Records from a data collection
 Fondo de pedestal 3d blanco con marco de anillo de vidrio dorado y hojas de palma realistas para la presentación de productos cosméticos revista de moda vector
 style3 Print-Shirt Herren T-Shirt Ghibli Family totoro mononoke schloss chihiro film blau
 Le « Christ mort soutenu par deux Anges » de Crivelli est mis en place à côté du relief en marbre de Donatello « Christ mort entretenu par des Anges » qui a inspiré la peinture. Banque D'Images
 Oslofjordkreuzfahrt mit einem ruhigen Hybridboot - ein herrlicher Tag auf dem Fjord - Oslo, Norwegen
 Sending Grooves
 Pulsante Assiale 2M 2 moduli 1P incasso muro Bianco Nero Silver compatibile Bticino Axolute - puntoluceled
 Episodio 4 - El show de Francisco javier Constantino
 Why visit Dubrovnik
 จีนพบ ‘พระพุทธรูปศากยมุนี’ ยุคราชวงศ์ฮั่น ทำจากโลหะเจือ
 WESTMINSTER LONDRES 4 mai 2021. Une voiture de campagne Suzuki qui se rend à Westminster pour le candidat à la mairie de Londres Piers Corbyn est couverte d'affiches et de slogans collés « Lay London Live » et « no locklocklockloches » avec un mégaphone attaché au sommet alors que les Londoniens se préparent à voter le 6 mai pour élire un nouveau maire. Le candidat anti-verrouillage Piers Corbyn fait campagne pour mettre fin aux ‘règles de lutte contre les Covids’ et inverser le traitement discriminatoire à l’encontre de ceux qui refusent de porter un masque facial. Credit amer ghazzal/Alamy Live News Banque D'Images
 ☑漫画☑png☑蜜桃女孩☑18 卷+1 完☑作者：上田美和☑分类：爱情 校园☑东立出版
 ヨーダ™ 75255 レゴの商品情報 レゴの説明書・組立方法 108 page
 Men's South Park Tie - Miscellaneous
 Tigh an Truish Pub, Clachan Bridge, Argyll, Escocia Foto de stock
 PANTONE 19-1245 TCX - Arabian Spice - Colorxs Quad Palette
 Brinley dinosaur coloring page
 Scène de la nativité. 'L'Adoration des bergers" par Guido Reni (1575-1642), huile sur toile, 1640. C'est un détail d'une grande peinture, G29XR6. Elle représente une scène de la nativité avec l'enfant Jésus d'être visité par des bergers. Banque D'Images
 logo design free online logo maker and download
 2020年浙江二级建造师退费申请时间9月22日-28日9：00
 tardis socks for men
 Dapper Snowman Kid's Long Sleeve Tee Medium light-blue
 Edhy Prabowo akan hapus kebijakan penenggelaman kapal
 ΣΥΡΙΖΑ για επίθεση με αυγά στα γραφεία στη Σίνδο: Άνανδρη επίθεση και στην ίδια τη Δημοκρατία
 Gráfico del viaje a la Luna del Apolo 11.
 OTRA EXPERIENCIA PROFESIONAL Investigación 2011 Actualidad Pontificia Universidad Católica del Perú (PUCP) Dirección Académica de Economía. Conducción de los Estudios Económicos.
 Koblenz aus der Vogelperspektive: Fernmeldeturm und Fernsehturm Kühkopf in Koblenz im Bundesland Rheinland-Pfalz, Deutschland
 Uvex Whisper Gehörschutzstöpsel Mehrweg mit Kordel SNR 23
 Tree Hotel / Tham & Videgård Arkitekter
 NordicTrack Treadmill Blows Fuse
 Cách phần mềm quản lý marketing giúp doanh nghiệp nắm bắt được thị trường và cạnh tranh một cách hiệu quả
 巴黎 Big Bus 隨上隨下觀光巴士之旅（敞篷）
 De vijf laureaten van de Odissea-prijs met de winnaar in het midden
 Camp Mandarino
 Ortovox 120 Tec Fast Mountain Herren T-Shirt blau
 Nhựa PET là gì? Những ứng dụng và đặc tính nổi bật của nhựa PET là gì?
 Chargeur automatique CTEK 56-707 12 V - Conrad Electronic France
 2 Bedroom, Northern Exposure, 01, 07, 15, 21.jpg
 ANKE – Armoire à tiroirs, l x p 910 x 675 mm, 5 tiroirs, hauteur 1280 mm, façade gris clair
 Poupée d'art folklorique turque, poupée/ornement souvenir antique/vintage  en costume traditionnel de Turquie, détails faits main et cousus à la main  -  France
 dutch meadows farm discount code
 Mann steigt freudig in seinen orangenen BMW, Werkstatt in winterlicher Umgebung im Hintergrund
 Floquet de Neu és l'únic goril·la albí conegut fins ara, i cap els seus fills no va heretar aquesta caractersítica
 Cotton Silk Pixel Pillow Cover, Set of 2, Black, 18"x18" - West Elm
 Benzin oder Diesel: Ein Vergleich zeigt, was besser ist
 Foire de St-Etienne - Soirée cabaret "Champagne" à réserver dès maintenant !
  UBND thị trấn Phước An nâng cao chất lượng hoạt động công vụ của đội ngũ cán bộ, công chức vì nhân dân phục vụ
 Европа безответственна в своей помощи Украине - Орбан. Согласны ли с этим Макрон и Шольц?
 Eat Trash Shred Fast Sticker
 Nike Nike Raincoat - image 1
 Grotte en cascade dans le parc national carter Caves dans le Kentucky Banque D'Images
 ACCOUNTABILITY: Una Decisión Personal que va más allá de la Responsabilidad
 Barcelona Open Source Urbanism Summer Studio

> **EXERCISE AIM**:
All of the entries above need to be output again exactly.

> **SOLUTION TO THIS EXERCISE**:
 Fondo de pedestal 3d blanco con marco de anillo de vidrio dorado y hojas de palma realistas para la presentación de productos cosméticos revista de moda vector
 style3 Print-Shirt Herren T-Shirt Ghibli Family totoro mononoke schloss chihiro film blau
 Le « Christ mort soutenu par deux Anges » de Crivelli est mis en place à côté du relief en marbre de Donatello « Christ mort entretenu par des Anges » qui a inspiré la peinture. Banque D'Images
 Oslofjordkreuzfahrt mit einem ruhigen Hybridboot - ein herrlicher Tag auf dem Fjord - Oslo, Norwegen
 Sending Grooves
 Pulsante Assiale 2M 2 moduli 1P incasso muro Bianco Nero Silver compatibile Bticino Axolute - puntoluceled
 Episodio 4 - El show de Francisco javier Constantino
 Why visit Dubrovnik
 จีนพบ ‘พระพุทธรูปศากยมุนี’ ยุคราชวงศ์ฮั่น ทำจากโลหะเจือ
 WESTMINSTER LONDRES 4 mai 2021. Une voiture de campagne Suzuki qui se rend à Westminster pour le candidat à la mairie de Londres Piers Corbyn est couverte d'affiches et de slogans collés « Lay London Live » et « no locklocklockloches » avec un mégaphone attaché au sommet alors que les Londoniens se préparent à voter le 6 mai pour élire un nouveau maire. Le candidat anti-verrouillage Piers Corbyn fait campagne pour mettre fin aux ‘règles de lutte contre les Covids’ et inverser le traitement discriminatoire à l’encontre de ceux qui refusent de porter un masque facial. Credit amer ghazzal/Alamy Live News Banque D'Images
 ☑漫画☑png☑蜜桃女孩☑18 卷+1 完☑作者：上田美和☑分类：爱情 校园☑东立出版
 ヨーダ™ 75255 レゴの商品情報 レゴの説明書・組立方法 108 page
 Men's South Park Tie - Miscellaneous
 Tigh an Truish Pub, Clachan Bridge, Argyll, Escocia Foto de stock
 PANTONE 19-1245 TCX - Arabian Spice - Colorxs Quad Palette
 Brinley dinosaur coloring page
 Scène de la nativité. 'L'Adoration des bergers" par Guido Reni (1575-1642), huile sur toile, 1640. C'est un détail d'une grande peinture, G29XR6. Elle représente une scène de la nativité avec l'enfant Jésus d'être visité par des bergers. Banque D'Images
 logo design free online logo maker and download
 2020年浙江二级建造师退费申请时间9月22日-28日9：00
 tardis socks for men
 Dapper Snowman Kid's Long Sleeve Tee Medium light-blue
 Edhy Prabowo akan hapus kebijakan penenggelaman kapal
 ΣΥΡΙΖΑ για επίθεση με αυγά στα γραφεία στη Σίνδο: Άνανδρη επίθεση και στην ίδια τη Δημοκρατία
 Gráfico del viaje a la Luna del Apolo 11.
 OTRA EXPERIENCIA PROFESIONAL Investigación 2011 Actualidad Pontificia Universidad Católica del Perú (PUCP) Dirección Académica de Economía. Conducción de los Estudios Económicos.
 Koblenz aus der Vogelperspektive: Fernmeldeturm und Fernsehturm Kühkopf in Koblenz im Bundesland Rheinland-Pfalz, Deutschland
 Uvex Whisper Gehörschutzstöpsel Mehrweg mit Kordel SNR 23
 Tree Hotel / Tham & Videgård Arkitekter
 NordicTrack Treadmill Blows Fuse
 Cách phần mềm quản lý marketing giúp doanh nghiệp nắm bắt được thị trường và cạnh tranh một cách hiệu quả
 巴黎 Big Bus 隨上隨下觀光巴士之旅（敞篷）
 De vijf laureaten van de Odissea-prijs met de winnaar in het midden
 Camp Mandarino
 Ortovox 120 Tec Fast Mountain Herren T-Shirt blau
 Nhựa PET là gì? Những ứng dụng và đặc tính nổi bật của nhựa PET là gì?
 Chargeur automatique CTEK 56-707 12 V - Conrad Electronic France
 2 Bedroom, Northern Exposure, 01, 07, 15, 21.jpg
 ANKE – Armoire à tiroirs, l x p 910 x 675 mm, 5 tiroirs, hauteur 1280 mm, façade gris clair
 Poupée d'art folklorique turque, poupée/ornement souvenir antique/vintage  en costume traditionnel de Turquie, détails faits main et cousus à la main  -  France
 dutch meadows farm discount code
 Mann steigt freudig in seinen orangenen BMW, Werkstatt in winterlicher Umgebung im Hintergrund
 Floquet de Neu és l'únic goril·la albí conegut fins ara, i cap els seus fills no va heretar aquesta caractersítica
 Cotton Silk Pixel Pillow Cover, Set of 2, Black, 18"x18" - West Elm
 Benzin oder Diesel: Ein Vergleich zeigt, was besser ist
 Foire de St-Etienne - Soirée cabaret "Champagne" à réserver dès maintenant !
  UBND thị trấn Phước An nâng cao chất lượng hoạt động công vụ của đội ngũ cán bộ, công chức vì nhân dân phục vụ
 Европа безответственна в своей помощи Украине - Орбан. Согласны ли с этим Макрон и Шольц?
 Eat Trash Shred Fast Sticker
 Nike Nike Raincoat - image 1
 Grotte en cascade dans le parc national carter Caves dans le Kentucky Banque D'Images
 ACCOUNTABILITY: Una Decisión Personal que va más allá de la Responsabilidad
 Barcelona Open Source Urbanism Summer Studio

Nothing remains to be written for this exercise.